When identification or engagement fails, the immersive experience of reading the story will collapse for that reader.
2. It’s hard to sustain
Second-person is exhausting to maintain over long stretches.
It offers less flexibility than first- or third-person
Repetition of “you” can become noticeable or grating
Writers may struggle to vary sentence structure without awkwardness
As a result, second-person is often dismissed as a novelty.
3. It can feel coercive
Second-person tells the reader who they are, what they feel, and what they do:
You are afraid. You hesitate.
More than a few readers (and editors) bristle at this, feeling their agency overridden. If the emotional cues don’t align with the reader’s own instincts, the effect can feel artificial or manipulative.
4. It’s easy to do poorly
Second-person magnifies weaknesses.
Vague or generalized actions feel hollow
Overly prescriptive emotions feel false
The voice must be extremely precise
📕 When second-person works best:
The “you” is clearly defined (and is a version of the narrator, not the reader)
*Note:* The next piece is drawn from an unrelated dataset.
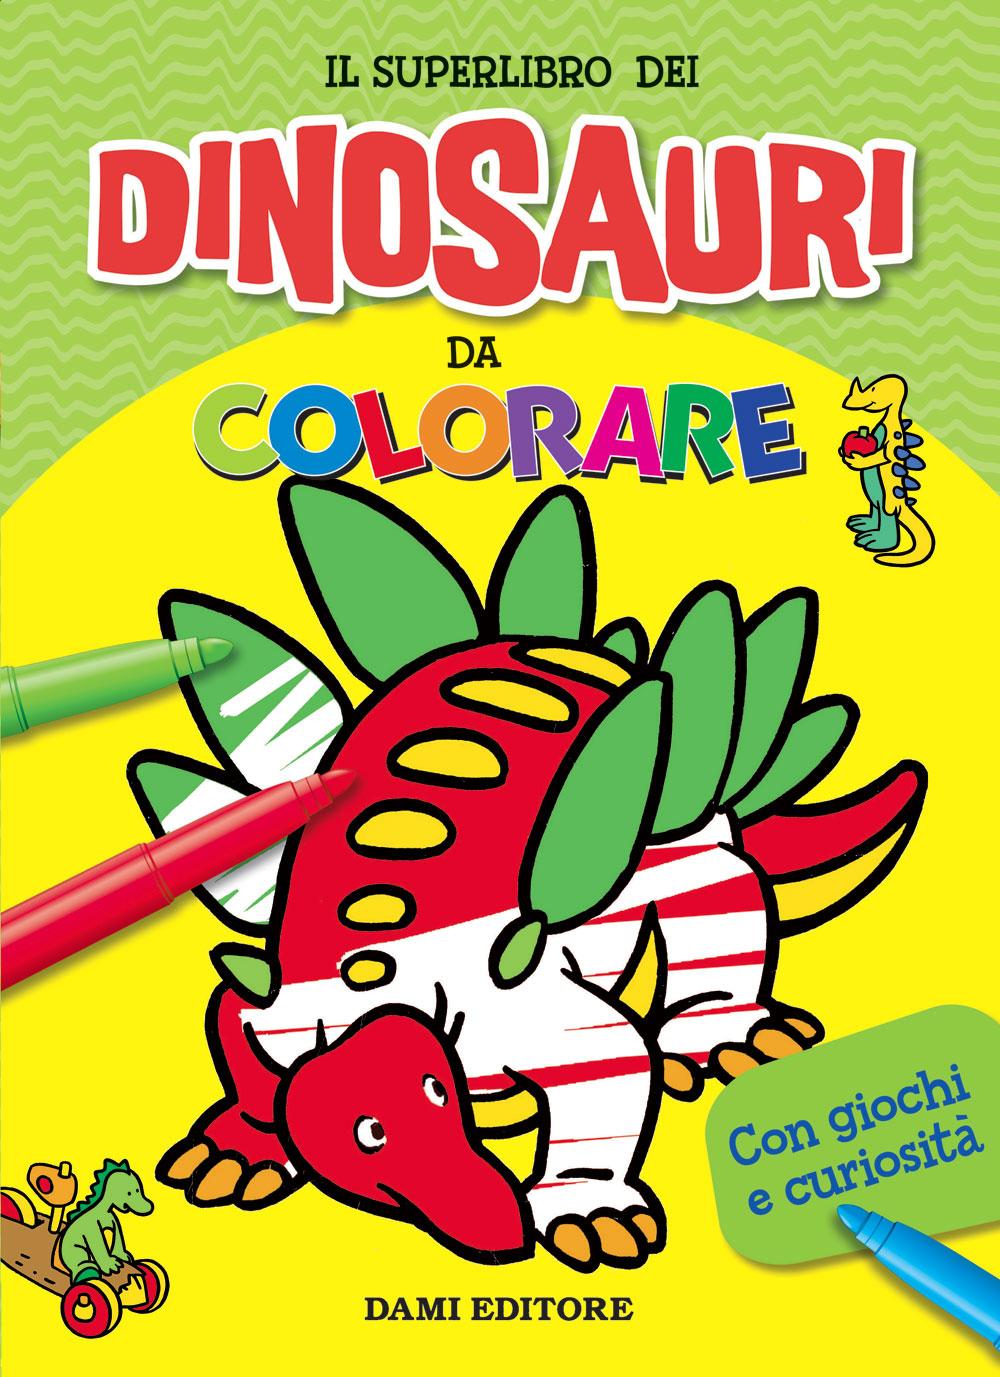 Il Superlibro dei Dinosauri da colorare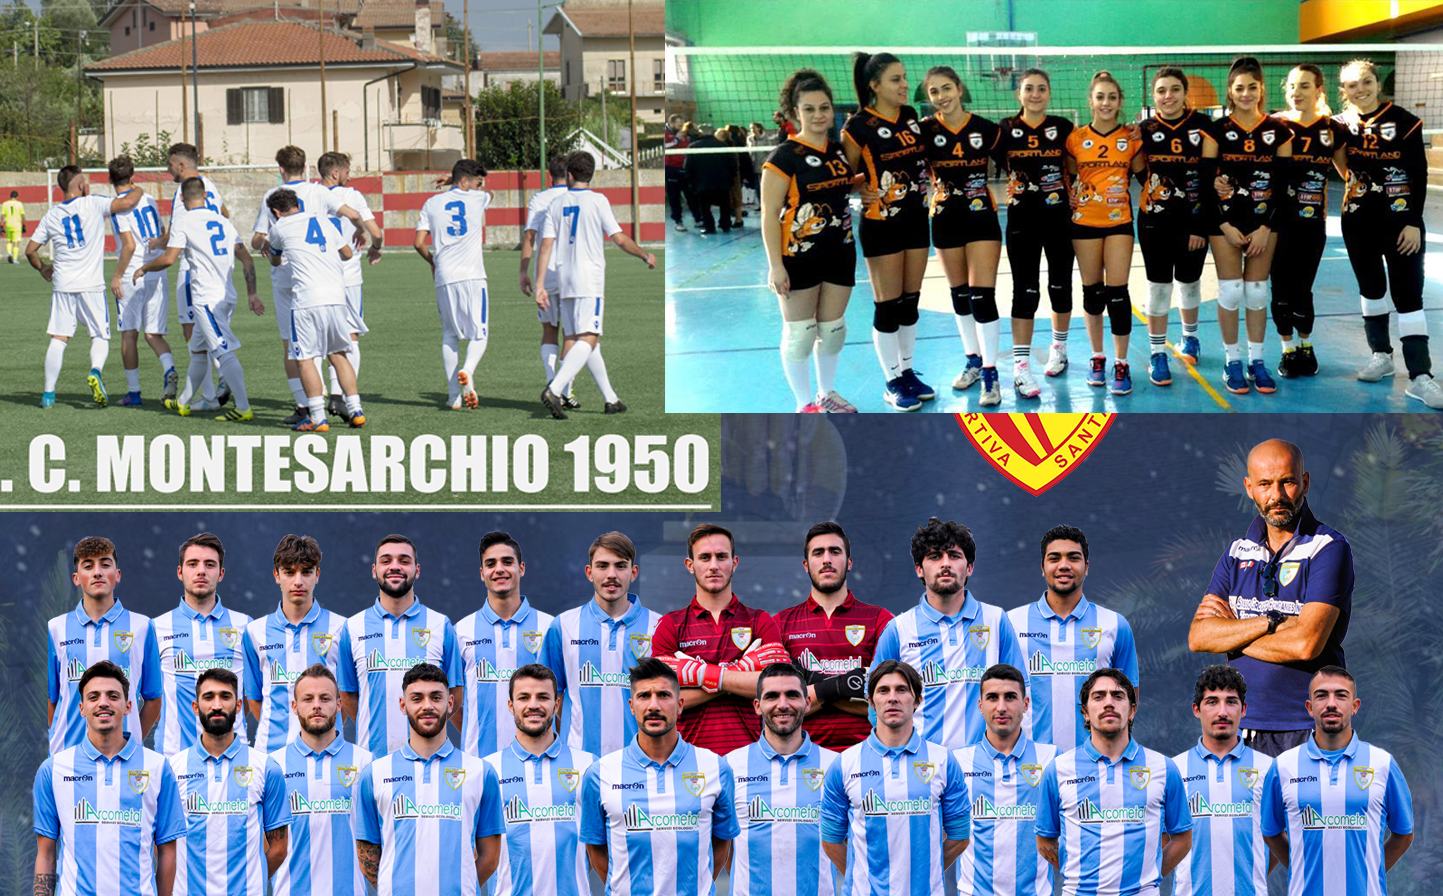 Cervinara e Montesarchio. Domenica playoff di calcio e volley

The emotional arc is specific, not generalized
If readers connect with a second-person narrator, the experience can feel affirming, but unbearable/insufferable if they don’t.
That extremity is probably why second-person endures—not as a default, but as a deliberate and risky artistic choice.



You are reading Christine's post on second person and it's convinced you not to use it!
p.s. You have me thinking about narrating something in 2nd person! Dare I try it for a novel?